Re: [DISCUSS] Support Interactive Programming in Flink Table API

Seth Wiesman Thu, 10 Jan 2019 05:09:31 -0800

I spoke to Piotr a little bit offline and I wanted to comment with a summary of 
our discussion and what I believe is most intuitive cache model from a users 
perspective.


(I am making up some class names here, not looking to bike shed feel free to 
change the names how ever you see fit). 

A cache is by definition an optimization, something used to store intermediate 
results for faster / more performant downstream computation.
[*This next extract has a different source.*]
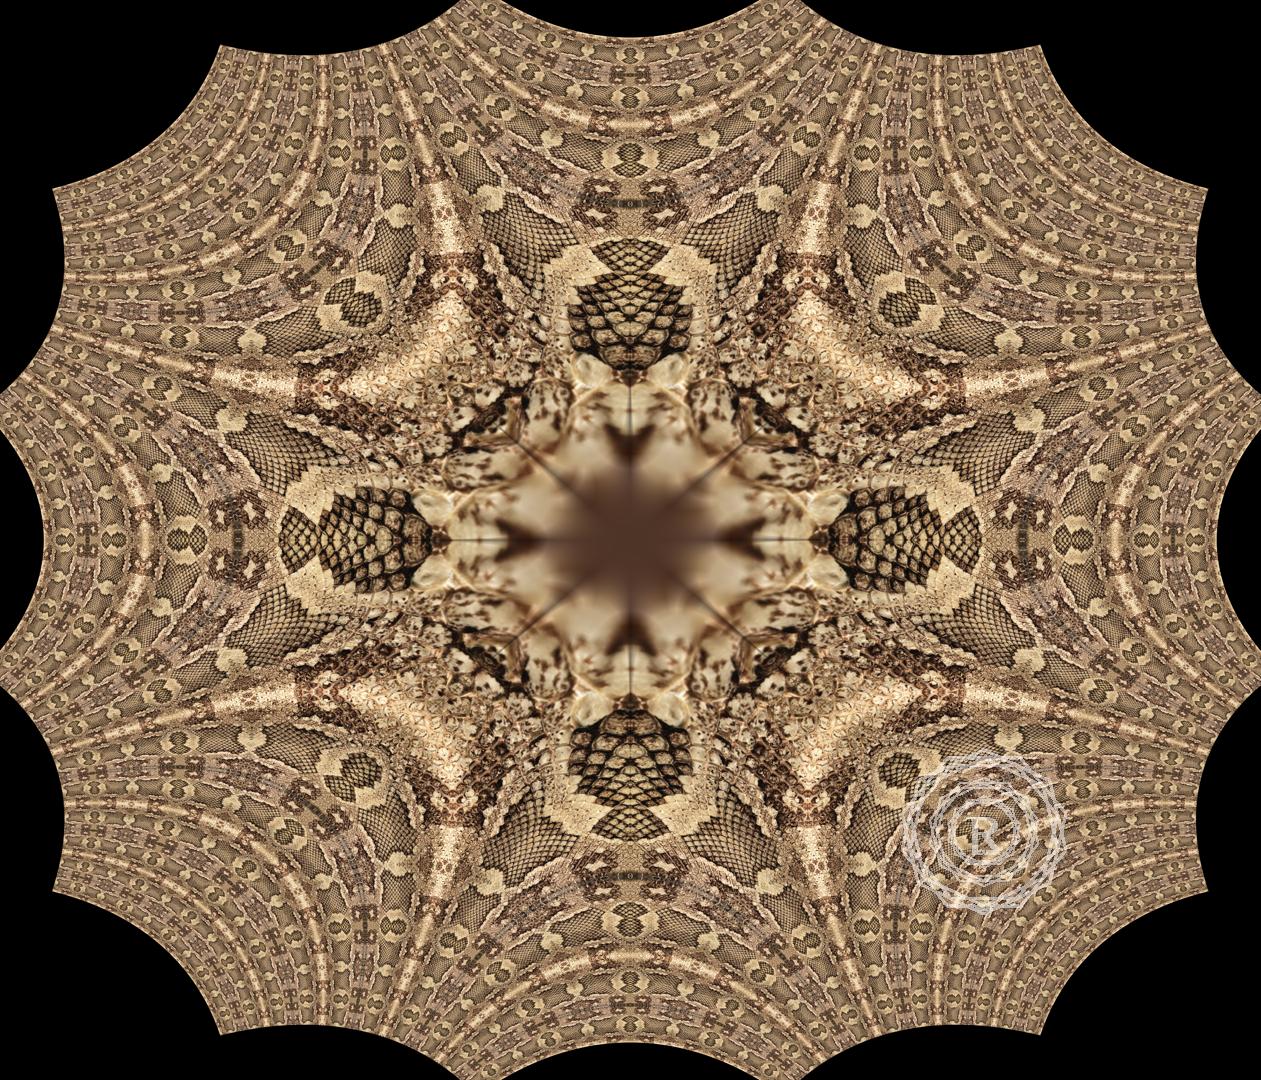 00074Resized_Mandalas_copyright_Recursia

Therefore, as a 
Flink user I would not expect it to change the semantics of my application, I 
would expect it to be rebuildable, and I do not expect to know how it works 
under the hood. With there principles in mind I feel the most intuitive api 
would be as follows: 

// Some table 
Table a = . . . 

// Signal that we would like to cache the table
// this is lazy and does not force any computation. 
CachedTable cachedA = a.cache()

// The first operation against the cache.
// This count will trigger reading input
// data and building the cache. 
cachedA.count()

// Operates against the cache, no operations
// before a.cache are performed. 
cachedA.sum()

// This does not operate against the cache, 
// it will trigger reading data from source
// and performing a full computation
a.min()

// Invalidates the cache, releasing all 
// underlying resources
cachedA.invalidateCache()

// Rebuilds the cache. Since caches are recomputable 
// this should not be an error, it will simply be a more
// expensive operation than if we had not invalidated the cache. 
cachedA.min()

This model leads to 2 nice properties: 

1) The same cache can be shared across multiple invocations of Table#cache. 
Because the cache can always be rebuilt one code path invalidating the cache 
will not break others. Cache’s are simply and optimization and rebuilding the 
cache is not an error but an expected property, semantics never change.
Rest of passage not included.